A la mañana siguiente acompañé a mi abuela al mercado del barrio y escuchamos la historia de la chica que cerró la puerta y fue engullida por el apartamento. Me estremecí por el relato que la tendera relataba a un par de atentas clientes con las intervenciones de su ayudante. Luego descubrí que besugos, merluzas e ictiofauna en general me seguían con la mirada.

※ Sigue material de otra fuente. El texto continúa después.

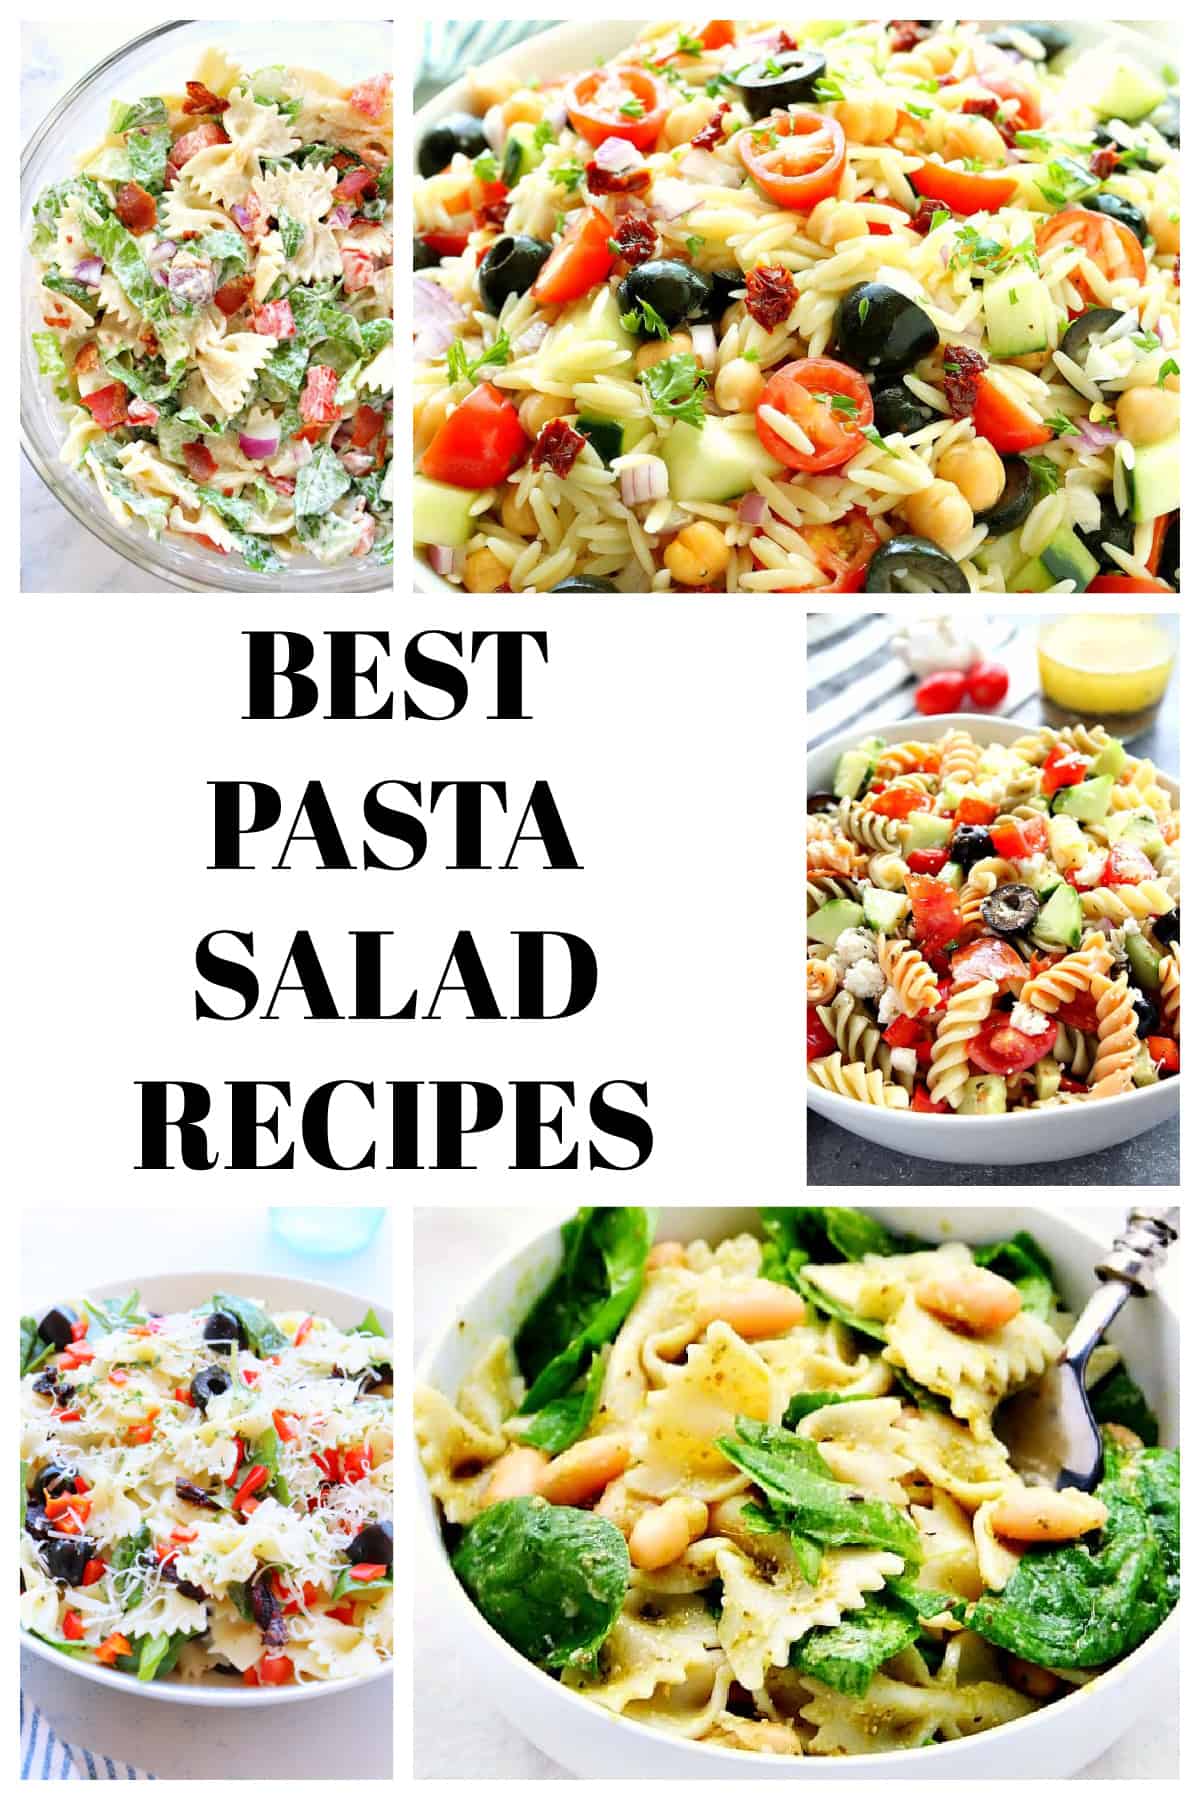 Photo collage with photos of pasta salads and text.

Acechaban imperceptibles, desde el hielo sobre el que reposaban, fisgoneando cada una de mis acciones. Sus órbitas circulares de pupilas sin párpados examinaban nuestros pasos de un puesto a otro. Cientos de ojos mirones repartidos por todo el mercado. Oteaban mis pasos, cada vez más indecisos e inseguros. El Avia seguía con sus quehaceres ajena a todo aquello, mientras a mí se me calaban los calcetines, embebidos de una humedad fría. Los pies chapoteaban, se hundían para reflotar en un suelo gelatinoso que crujía. Hasta que finalmente cedió y me precipité.
Hundiéndome.
Sumergiéndome con la ligereza de una pluma.
En la verticalidad de una gravedad amortiguada.
Cayendo.
Cayendo.
Cayendo.
Cayendo.
Cayendo con suavidad en una masa acuosa gélida habitada por pupilas fijas y bocas abiertas. Destellos pálidos, esquirlas plateadas que se movían aleatoriamente a mi alrededor. Aparecían y desaparecían trazando órbitas inconsistentes mientras me sumergía en la nada, esa nada que no toma forma, porque no puede contenerse así misma, pero se esconde detrás de todo objeto y persona. Porque lo sólido, lo íntegro, es una mera ilusión visual. Un espejismo. Un error construido en el nervio corneo para superar el vértigo del vacío. Un negar la altura como remedio. Inventamos todo tipo de trampas, resortes, salidas, entradas, pasadizos secretos, puertas, ventanas, sótanos, agujeros, cielos, mares abiertos, ayeres, mañanas, de todo hacemos con todo lo que tenemos a nuestro alcance para superar el mal de altura que conforman el gran vértigo: el de la existencia y también su inevitable cese.
Una fosa abismal en la que me hundía irremediablemente, en su masa acuosa que digiere en su blanda amalgama toda dimensionalidad, volumen, y cualquier otra propiedad física. Aguas que se tragan sin masticar todo aquello que adolece de condición terrenal. Me ahogaba en ellas, y me angustié por un momento, luchando por salir, hasta que llegado un punto, casi dulce, justo antes de no ser consciente ya, caí en la cuenta que yo también soy acuoso. Y estoy vacío, o lleno de vacío, porque el mar se me metió dentro y ya formo parte del él, y ya no tengo porque pensar, ni entender, sólo ser. Dejarme acariciar por las turbulencias sin resistirme, sin cuestionarme. Como las piedras que arrojaba al mar aquel final de verano junto a mi abuelo. Piedras que hacían estallar la mar hacia arriba.